Timing è tutto per il trattamento di insufficienza cardiaca con pacemaker

Le persone con insufficienza cardiaca congestizia sono spesso dato pacemaker per aiutare i loro cuori pompa in modo più efficiente. Ma i medici sono stati perplessi da circa il 40 per cento delle persone date quei dispositivi che non vanno meglio.

Spesso finiscono in ospedale o muoiono. Ora i ricercatori dicono di aver capito il problema. Si trattava di dare i dispositivi ai pazienti i cui cuori non erano così sincronizzati per cominciare.

Circa 200.000 persone con insufficienza cardiaca congestizia hanno impiantato i dispositivi dal 2006 al 2009. L’obiettivo era correggere un ritmo cardiaco anormale che colpisce molte persone con insufficienza cardiaca, rendendo le due potenti camere di pompaggio del cuore, o ventricoli, contratte fuori sincrono. Ciò riduce la quantità di sangue pompato.

E poiché le persone con insufficienza cardiaca congestizia hanno già un muscolo cardiaco debole, quel pompaggio inefficiente può essere un grosso problema.

Dopo un po’, però, è diventato chiaro ai cardiologi che molte persone non venivano aiutate dagli impianti.
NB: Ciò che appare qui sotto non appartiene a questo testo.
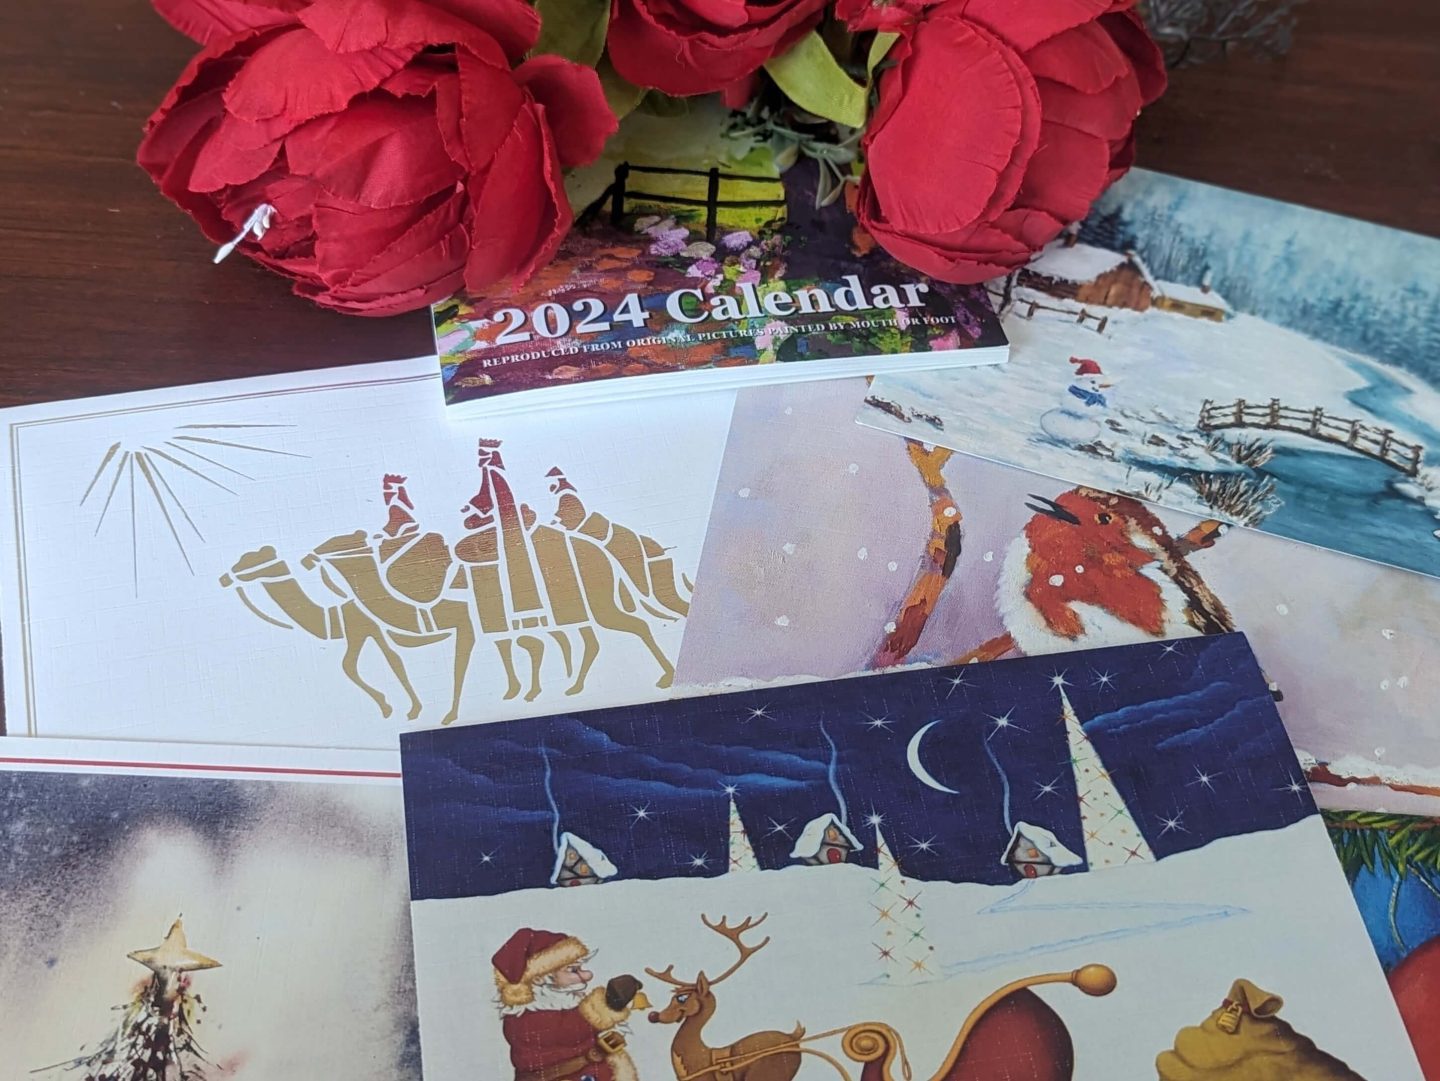 Christmas cards and a 2024 calendar from MFPA UK

Ma gli studi non sono stati in grado di inchiodare il problema. “Volevamo guardare i dati degli studi clinici con più attenzione”, dice a Shots Ilke Sipahi, cardiologo presso l’University Hospitals Case Medical Center di Cleveland. Così lui ei suoi colleghi scricchiolava numeri da cinque studi clinici che coinvolgono 5.813 pazienti.

Hanno scoperto che le persone i cui ritmi cardiaci erano fuori da più di 150 millisecondi beneficiato di un pacemaker, mentre le persone con una variazione inferiore a 150 millisecondi ottenuto nessuno. I loro risultati sono stati pubblicati online oggi negli Archives of Internal Medicine.
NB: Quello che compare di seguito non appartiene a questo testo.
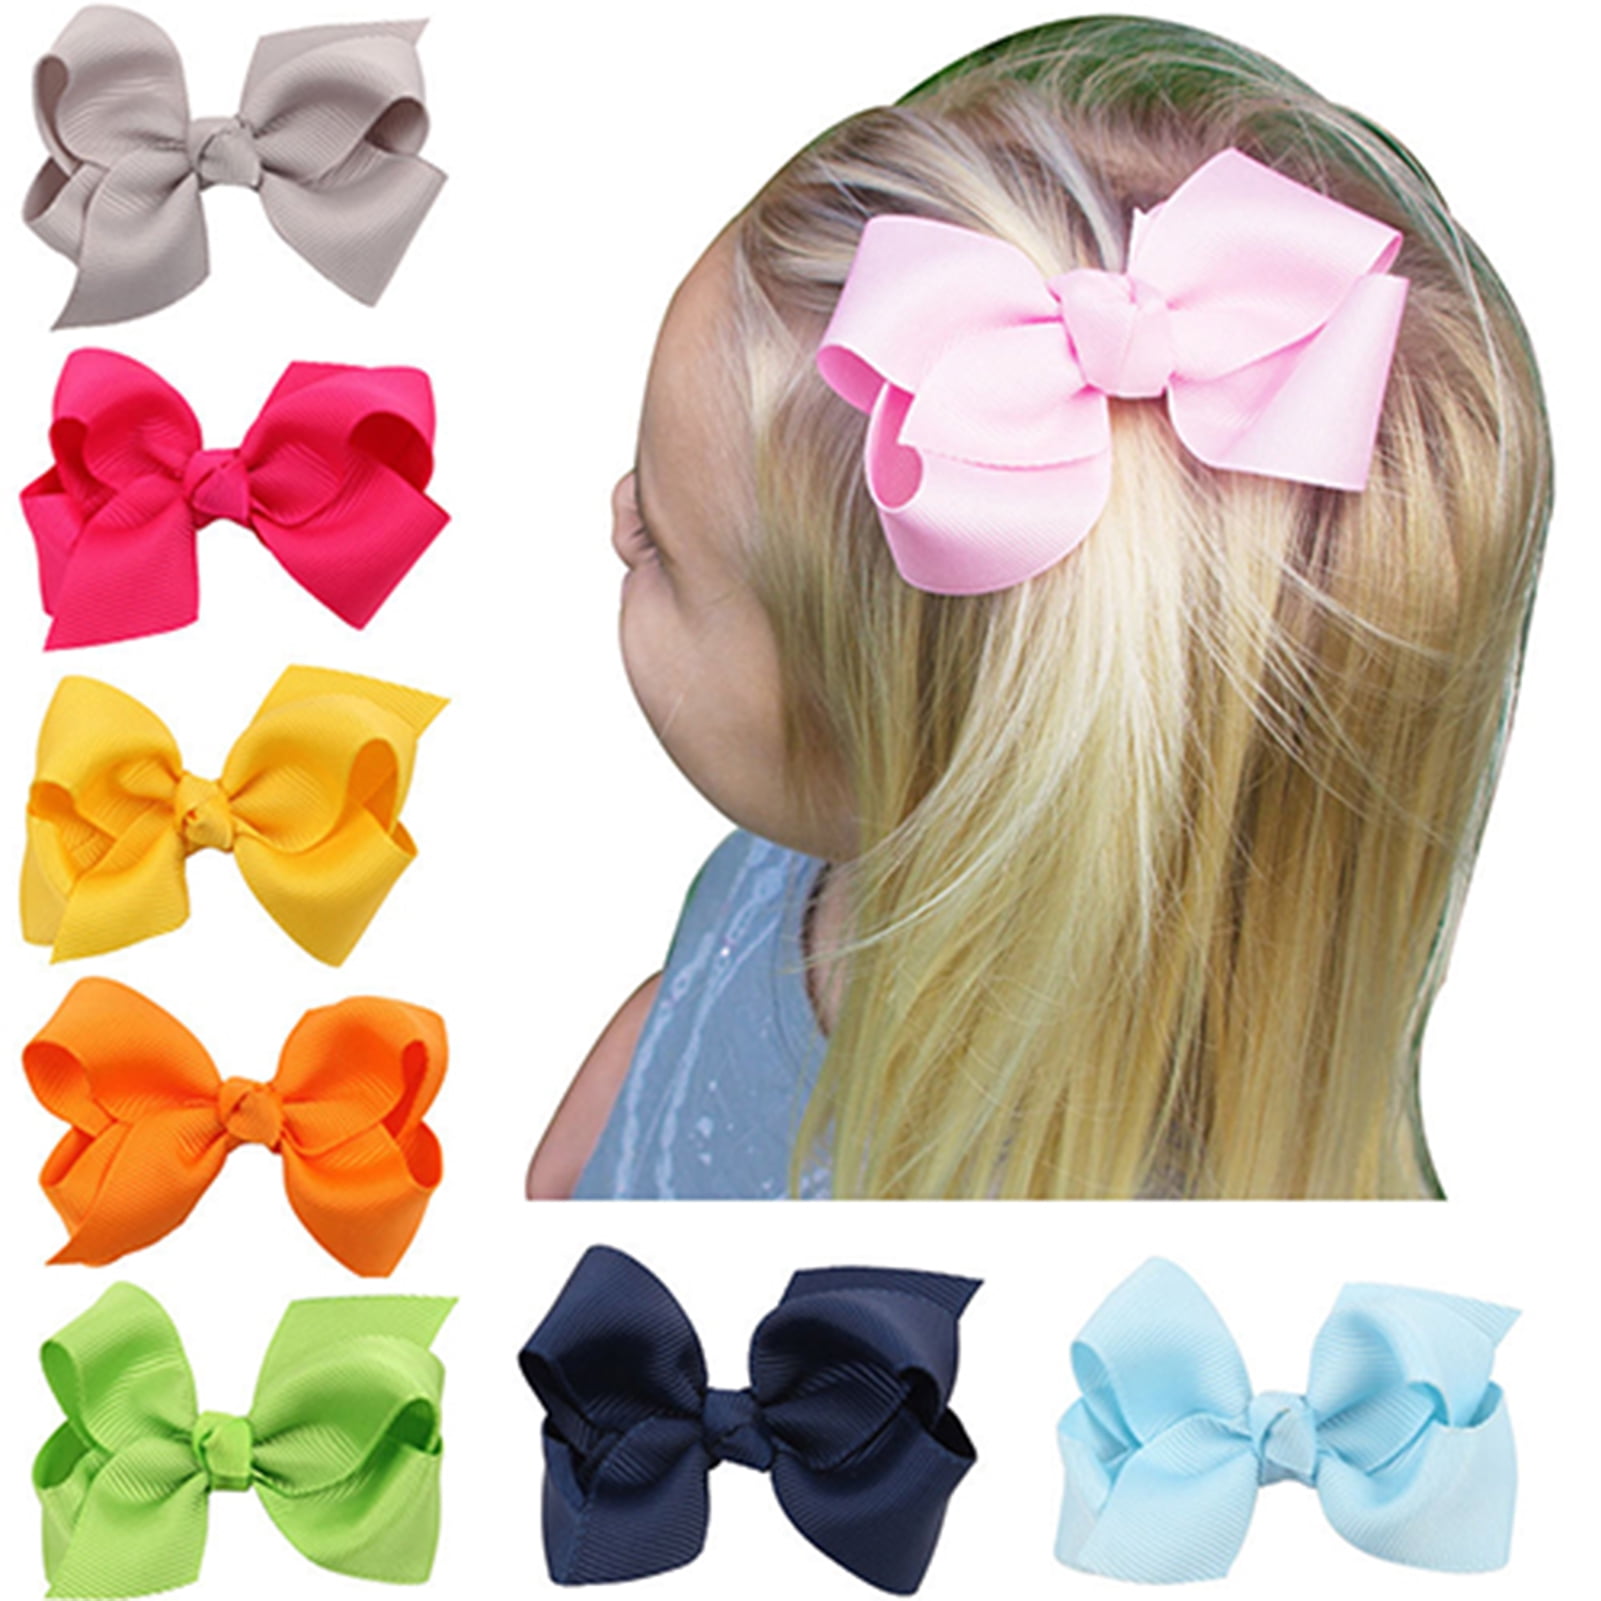 3.5" White Bowknot Cute Pearls Hair Bow With Alligator HairClip For Girls Kids

Semplice, giusto? Bene, il problema è che le attuali linee guida di organizzazioni come l’American Heart Association raccomandano anche pacemaker per le persone con variazioni da 120 a 150 millisecondi. “Non ne traggono alcun beneficio”, dice Sipahi.

Non solo non beneficiano, ma i pacemaker sono costosi. Sono inseriti con un intervento chirurgico, portando con sé il rischio di infezione. E gli speciali pacemaker a tre conduttori usati sui pazienti con insufficienza cardiaca sono difficili da installare. Sipahi non pensa che sia un problema nel motivo per cui non funzionano per molti. Invece, dice, è una chiara questione di scoprire quando i dispositivi funzionano, e quindi applicare quella lezione alla pratica quotidiana della medicina.